Nick Kruger

Personal information
- Full name: Nicholas James Kruger
- Born: 14 August 1983 (age 43) Paddington, New South Wales, Australia
- Batting: Left-handed
- Bowling: Right-arm medium
- Role: Batsman

Domestic team information
- 2002/03–2009/10: Queensland (squad no. 32)
- 2010/11–2011/12: Tasmania

Career statistics
| Competition | FC | List A |
| Matches | 28 | 10 |
| Runs scored | 1,321 | 254 |
| Batting average | 27.52 | 25.40 |
| 100s/50s | 3/4 | 0/2 |
| Top score | 172 | 71 |
| Balls bowled | 311 | 37 |
| Wickets | 2 | 3 |
| Bowling average | 95.00 | 12.33 |
| 5 wickets in innings | 0 | 0 |
| 10 wickets in match | 0 | 0 |
| Best bowling | 1/31 | 2/25 |
| Catches/stumpings | 18/– | 2/– |
- Source: CricketArchive, 12 November 2017

= Nick Kruger =

Australian cricketer (born 1983)

Nicholas James Kruger (born 14 August 1983) is an Australian cricketer who has played first-class cricket for Queensland and List A cricket for Tasmania.

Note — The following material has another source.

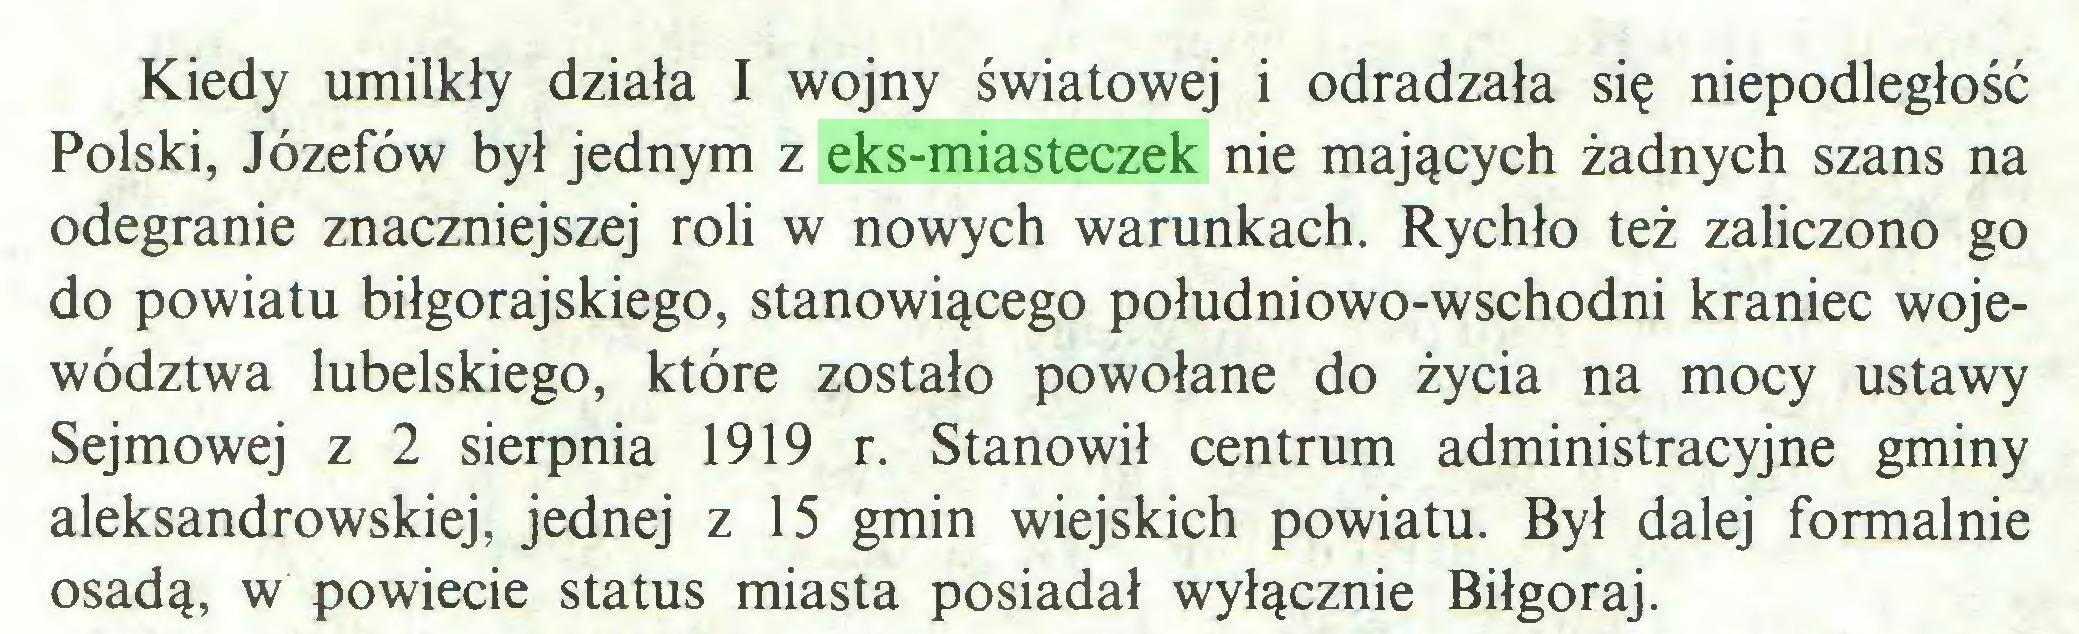 (...) Kiedy umilkły działa I wojny światowej i odradzała się niepodległość Polski, Józefów był jednym z eks-miasteczek nie mających żadnych szans na odegranie znaczniejszej roli w nowych warunkach. Rychło też zaliczono go do powiatu biłgorajskiego, stanowiącego południowo-wschodni kraniec województwa lubelskiego, które zostało powołane do życia na mocy ustawy Sejmowej z 2 sierpnia 1919 r. Stanowił centrum administracyjne gminy aleksandrowskiej, jednej z 15 gmin wiejskich powiatu. Był dalej formalnie osadą, w powiecie status miasta posiadał wyłącznie Biłgoraj...

A left hand opening batsman, Kruger made his debut in 2003 as 19-year-old, however, his career has been set back by a number of shoulder injuries. He scored his highest first-class score in a tour match against the touring West Indies cricket team in November 2009.

In 2011, Kruger transferred to Tasmania, and made his debut for them in a List A one-day game against Victoria at Hobart on 9 February 2011. He made 19 with the bat and took 2/25 with the ball.